After updating from 2.5.0p2 to 2.6.0p2 and running OK for a few days, I'm seeing the compression estimates for planner are totally off, which disturbs the DLEs chosen for backup on each run. For example, right now amadmin balance shows:
due-date #fs orig KB out KB balance
----------------------------------------------
9/26 Fri 1 137375330 0 ---
9/27 Sat 0 0 0 ---
9/28 Sun 3 127146210 4051325553137561658 +3693.9%
9/29 Mon 6 183484280 7829679975848763634 +7232.2%
9/30 Tue 3 132909620 3833724574305892912 +3490.1%
10/01 Wed 3 130272160 13951584 -100.0%
10/02 Thu 1 107617510 3906644189318756912 +3558.4%
----------------------------------------------
TOTAL 17 818805110 1174630218915375084 106784565355943189
When I look at the curinfo files, I see weird numbers, like:
Other than this, the backups seem to run normally and the daily Amanda report includes correct compression rates for every DLE, which somehow do not get written to the curinfo files. Is there a fix for this? How can I safely reset the compression rate calculation by editing or rebuilding the curinfo database without ditching my backups?
I've determined that my problem consists on amanda not getting the correct compressed sizes to write into curinfo. It basically uses and writes garbage compressed dumpsizes into curinfo: either 0 or a really big number. So, the compression rates are totally off because of that and in the next cycle planner uses these bogus rates and schedules random DLEs.
I glanced at driver.c and it seems the compressed dumpsize is only read from the chunker output, but my logs don't show any chunker output. Maybe that's the source of the problem: dumpsize never gets the right value. For now, I wrote a script that runs after amdump and fixes the curinfo files using the correct dumpsizes read from the dumper output on the amdump log file. This works, but I would like a better solution.

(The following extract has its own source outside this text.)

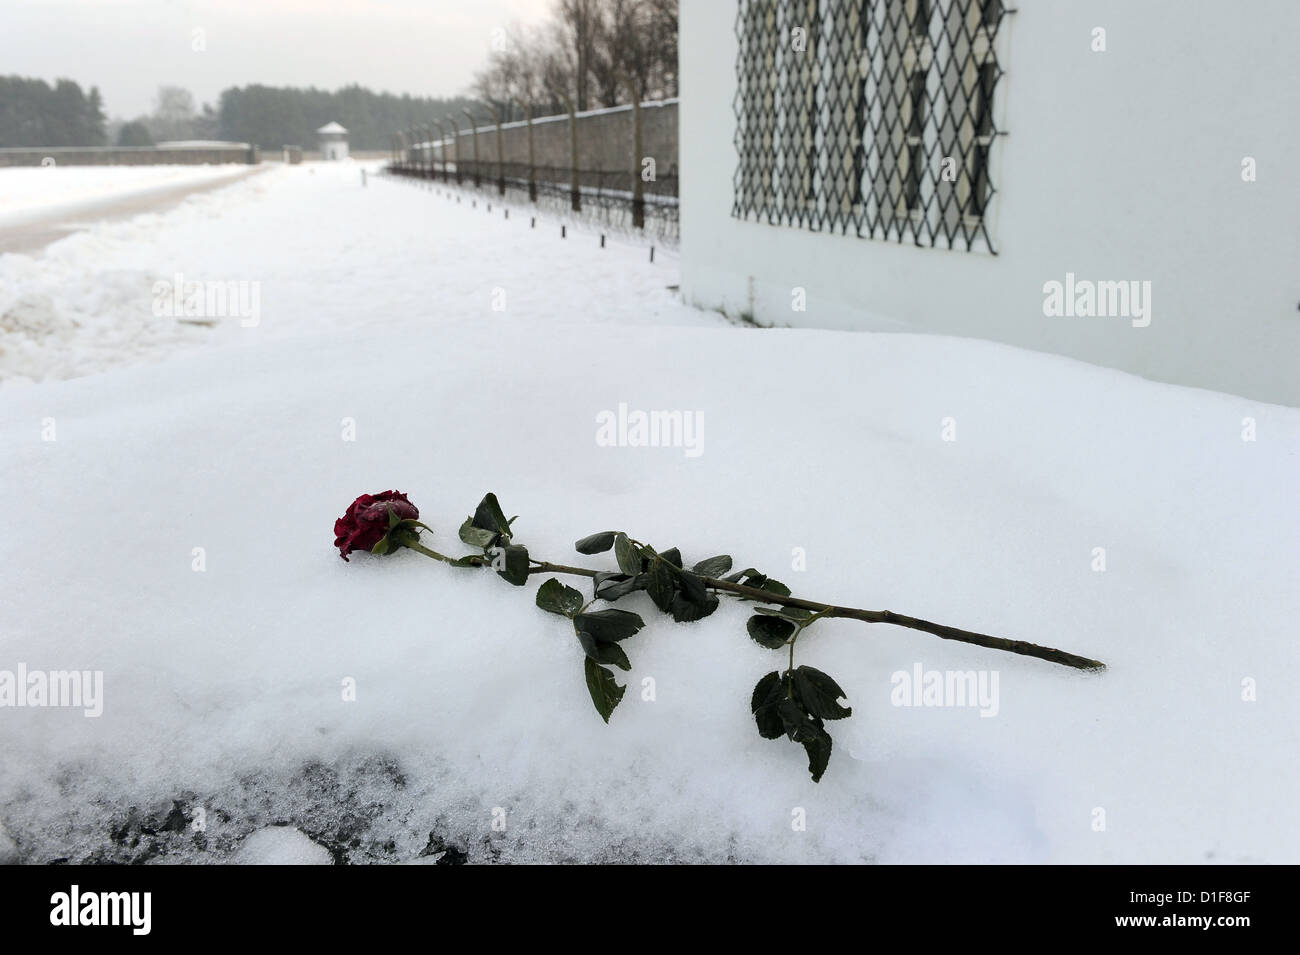 Una rosa è prevista nei locali dell'ex campo di concentramento Sachsenhausen a Oranienburg, Germania, 15 dicembre 2012. Il Consiglio centrale del tedesco Sinti e Roma commemorato la deportazione di 23000 Sinti e Rom nel campo di concentramento di Auschwitz. Foto: Bernd Settnik Foto Stock

I'm also posting my amanda.conf, just in case it's relevant. I've been using basically this same configuration for a couple of years with Amanda 2.5.0p2. In short, I use a lot of 5GB tapes on hard disk, each one split into 511MB chunks, without holding disk. This was working fine until I updated to 2.6.0p2, which I downloaded from the Amanda website and built from sources without any change/patch.
I had to upgrade Amanda because I was unable to recover large compressed DLEs with 2.5.0p2 (the default on CentOS 5), not even by stitching the chunks together without using amfetchdump. Now I run amcheckdump every night and it passes. I use CentOS 5 on the server and most of my client machines, except for one CentOS 4 machine. All CentOS 5 machines use Amanda 2.6.0p2 and the CentOS 4 client machine uses the default Amanda 2.4.4p3.
Your patch fixed the problem in my last run. Thanks a lot for your prompt and effective answer.
I'm just curious about the reason this problem was triggered, because I guess this is not a mainstream bug affecting most users. Is it something in my configuration? If you know the reason and can tell me to satisfy my curiosity, thanks again. Otherwise, don't spend time on finding it out. I'm already very satisfied with the prompt fix.
It will be great if you can share your Amanda setup. E.g. how many (and type of) systems you are protecting, data size, and any performance numbers you can share.